SNAKING Casting a thousand curves in walls, cores, shafts, columns. (Photo courtesy of Conseco Doka/Hall Williams)

Artifice for artifacts' sake is keeping the team shaping the curve-heavy National Museum of the American Indian running in circles not far from the foot of the nation's Capitol. It is taking many forms–climbing, reusable, adjustable, circular, stick-built–and other stretches of skill to create a natural-looking environment, inside and out, representing cultures and habitats of indigenous tribes.

"The effort we go through to make the stone [cladding] look natural is unbelievable," says William I. Kline, project manager for the joint venture architect, Polshek/SmithGroup, Washington, D.C., and Jones and Jones, Seattle.
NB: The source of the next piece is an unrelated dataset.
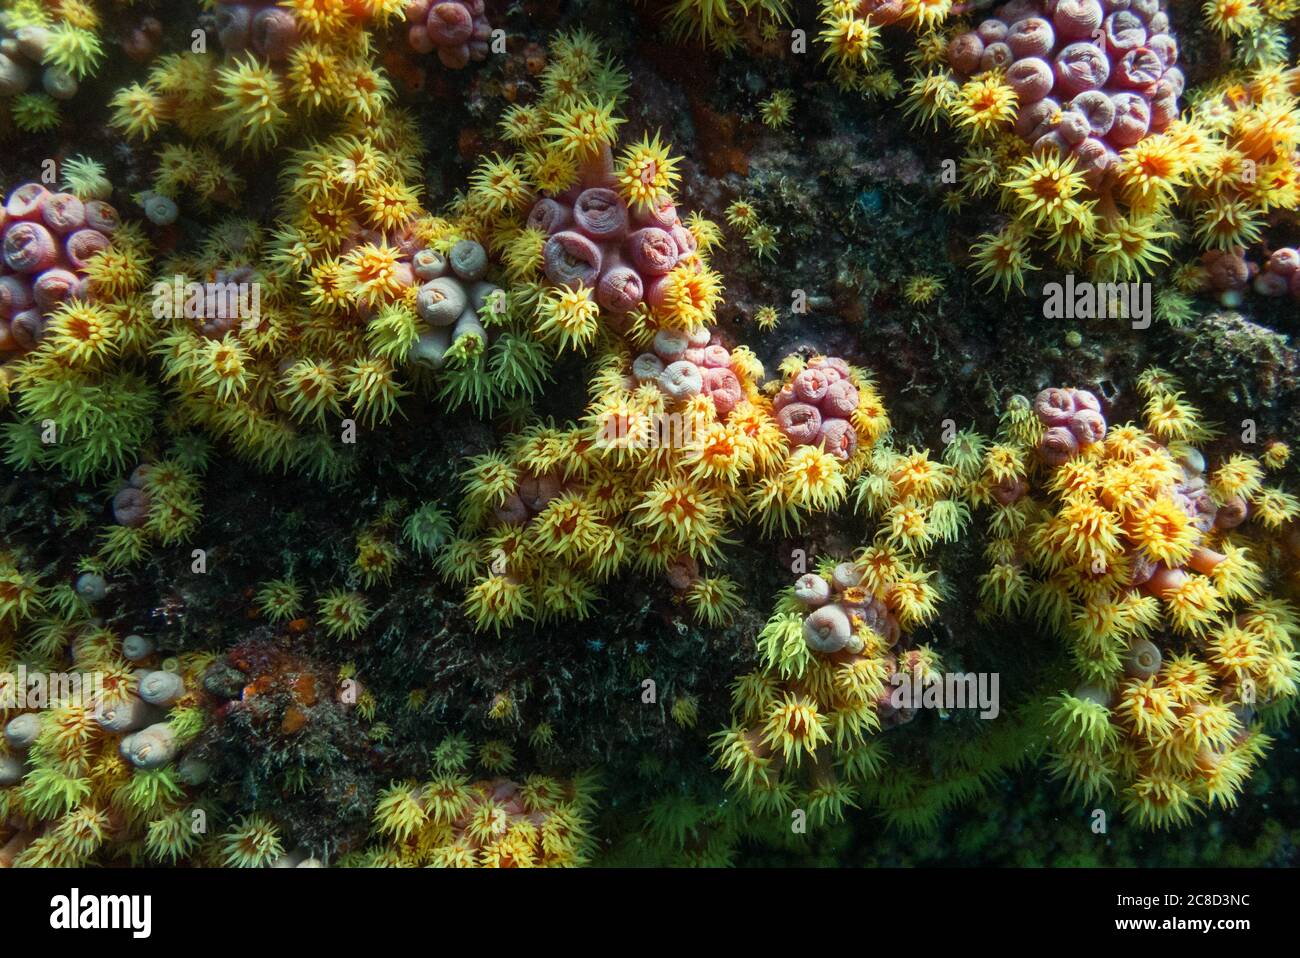 Sun Coral (Tubastaea tagusensis), an invasive species photographed at Ilhabela, SE Brazil Stock Photo

The same could be said for other elements of the five-story building.

The 23,318-sq-meter museum, currently rising on the last available site of the National Mall, is intended to resemble a "solid piece of rock carved over time by wind and water," says Kline.

There are six footprints, undulating perimeter walls, real boulders and constructed water features and a 45-m entrance overhang reminiscent of age-old cliff dwellings.

That's not the only cliffhanger in the project. With a change in architect, a lawsuit, design changes and delays, there has been no shortage of suspense during the $199-million project's 11-year history.

In January 1998, five years into design, the Smithsonian Institution dismissed the original architect, GBQC Architects, Philadelphia, in conjunction with Douglas Cardinal Architect Ltd., Ottawa, Ontario, for failing to submit architectural and engineering drawings as scheduled. GBQC then filed a lawsuit. Under a 1999 settlement, in which neither party admitted guilt, the Smithsonian altered the terms of dismissal from "default" to "convenience." That allows GBQC to compete for federal contracts. The museum also agreed to credit GBQC and Cardinal, a Blackfoot Indian descendant, for conceptual design. As part of a counterclaim, the museum received $453,593 from GBQC's professional liability insurer (ENR 11/8/99 p. 24).

The design team may be different but the charge, to create a 100-year building, has never changed. "The level of quality beyond most of the standards we're referencing," says Kline. For example, concrete faces have an architectural finish, though they will be covered up by limestone cladding.

All of NMAI is an "exhibit," even the design and construction process. But the demands have a toll. Speaking of the many curves, Michael Hamm, senior superintendent for Bethesda, Md.-based Clark Concrete Contractors, says, "I get dizzy walking around in circles." He then calls the job "a pain in the neck."

The design calls for a buff building, some 33 m tall, clad in rusticated Minnesota limestone. The building is sited on 4.25 acres, with footpaths undulating around and through water features, boulders, plants and trees. Each level has a different, amoeba-like footprint, with serpentine walls and other vertical elements. Inside, a central 33-m-dia gathering space is topped by a nearly 40-ft-high dome.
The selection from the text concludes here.